Видимо, и Аня ощутила в себе то же чувство свободы. Но она оставалась такой же сдержанной и спокойно-рассудительной:
— Ты думаешь, мы все себя мним знатоками человеческих душ? Знаю таких людей, которые чуть ли не из каждой фразы делают вывод о характере человека. Ну уж нет, таким людям и вправду трудно. Очень хорошо про это пишут психоаналитики. Недавно перечитывала книги Эриха Фромма…
Пётр Геннадьевич забавно схватился за голову — во всех его движениях было много театральности, но она, напротив, располагала нас — в этом не было никакого лукавства, а больше детской весёлости.
— Ох, только не психоанализ, милая моя Анечка! Это всё умно, научно, может быть, даже и полезно. Но… Я твёрдо стою на том, что человек в жизни должен действовать активно: добиваться высоких целей, служить своему делу. Но при этом не слишком копаясь в себе. Ну, например, узнаю я о том, что во мне живут такие-то страхи. Ну и что? Пусть я много скоморошничаю, много болтаю. Кому от этого плохо. Разве что мне…
Так! Милые мои, пожалуй, оставлю вас одних, мне нужно позвонить, да и вижу, что вам есть о чём поговорить с глазу на глаз.

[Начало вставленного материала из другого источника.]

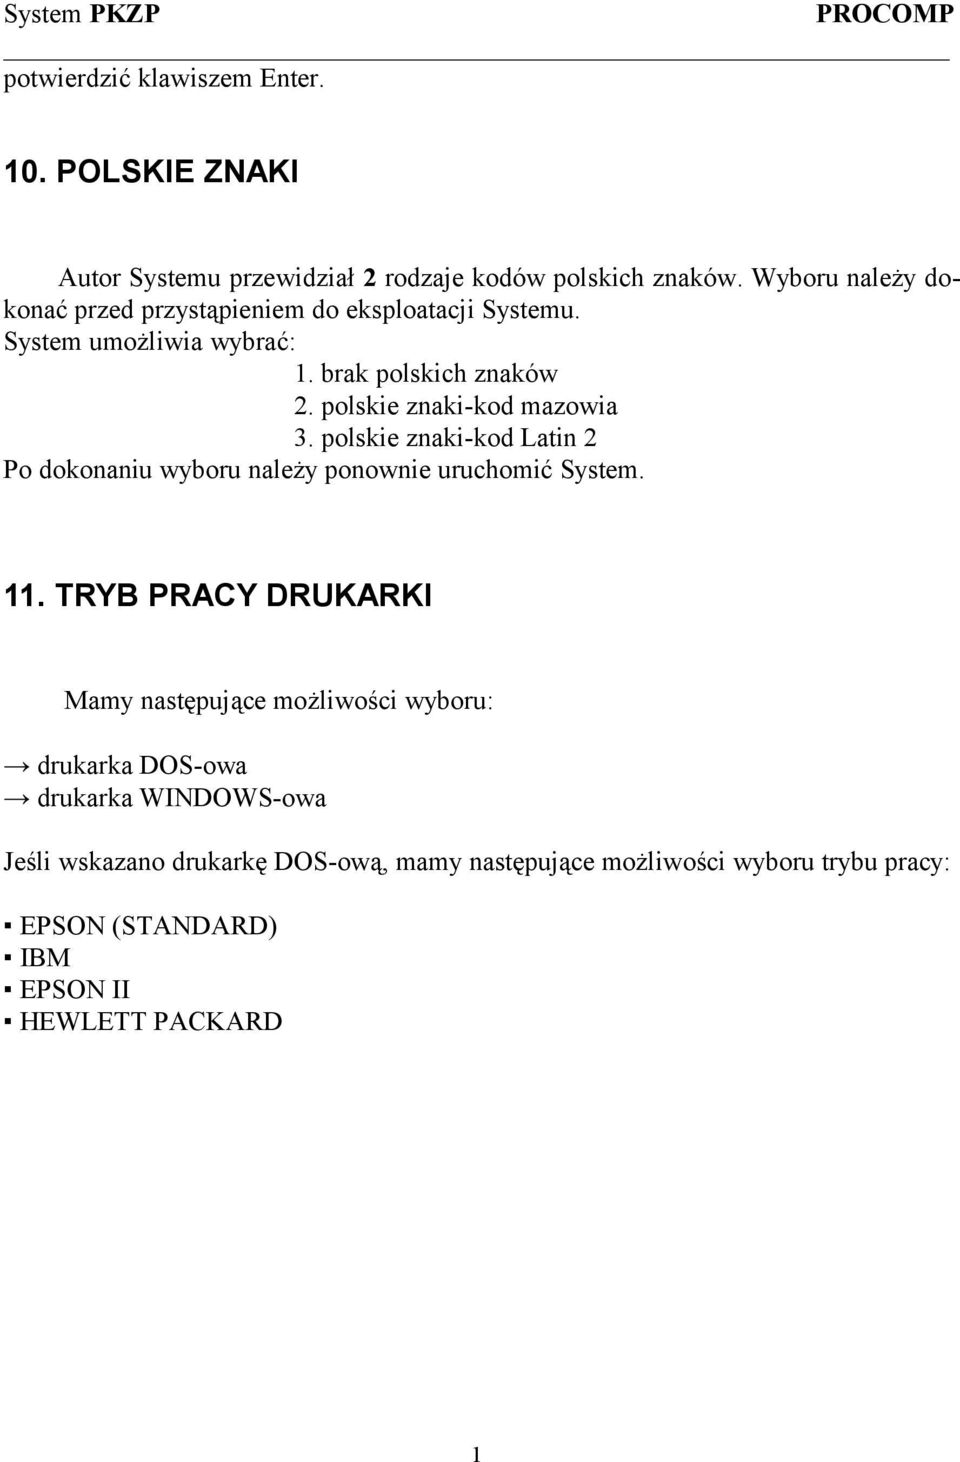 polskie znaki-kod mazowia 3. polskie znaki-kod Latin 2 Po dokonaniu wyboru należy ponownie uruchomić System. 11.

Пётр Геннадьевич встал и хитро подмигнул Ане. Уходя, он, видимо, что-то вспомнил, и обернулся.
— Кстати, чтобы уйти на красивой ноте, прочту вам одну вещь. Это не психоаналитик, а всего лишь философ, правда, с трагической судьбой.
Он надел очки и взял электронную книгу.
— Вот, послушайте, это слова Павла Флоренского из писем дочери. Может, вам потом захочется почитать об этом замечательном человеке и вас заинтересуют его сочинения…
«Уметь видеть и ценить глубину того, что окружает тебя, находить высшее в «здесь» и «теперь» и не рваться искать его непременно в том, чего нет или что далеко. Страсть тем-то и вредна, что во имя того, чего нет, человек проходит мимо того, что есть и что по существу гораздо более ценно. Она ослепляет. Уставившись в точку, человек лезет на нее, не замечая красоты ближайшего. «Хочу того-то» и поэтому пренебрегаю всем остальным. А через некоторое время, когда этого уже нет, «хочу» этого и не пользуюсь тем, чего хотел раньше и что уже достигнуто»
Каково сказано! Порой важно, чтобы кто-то вовремя нам сказал нужные слова. А если доходишь до них сам, то уж слишком поздно. И нет проку от этой запоздалой мудрости.
Перед нами стоял словно другой человек: восхищённый, опечаленный, по-детски ранимый и незащищённый. На его лице сияла мягкая улыбка.
Он ушёл к себе в комнату. У нас с Аней завязался разговор: она говорила мне о том, как дядя часто читает отрывки из разных сочинений, столь удачно выбранные, что они тут же возбуждают интерес к их автору и желание узнать о нём больше. Столь деликатным образом он руководит её кругом чтения.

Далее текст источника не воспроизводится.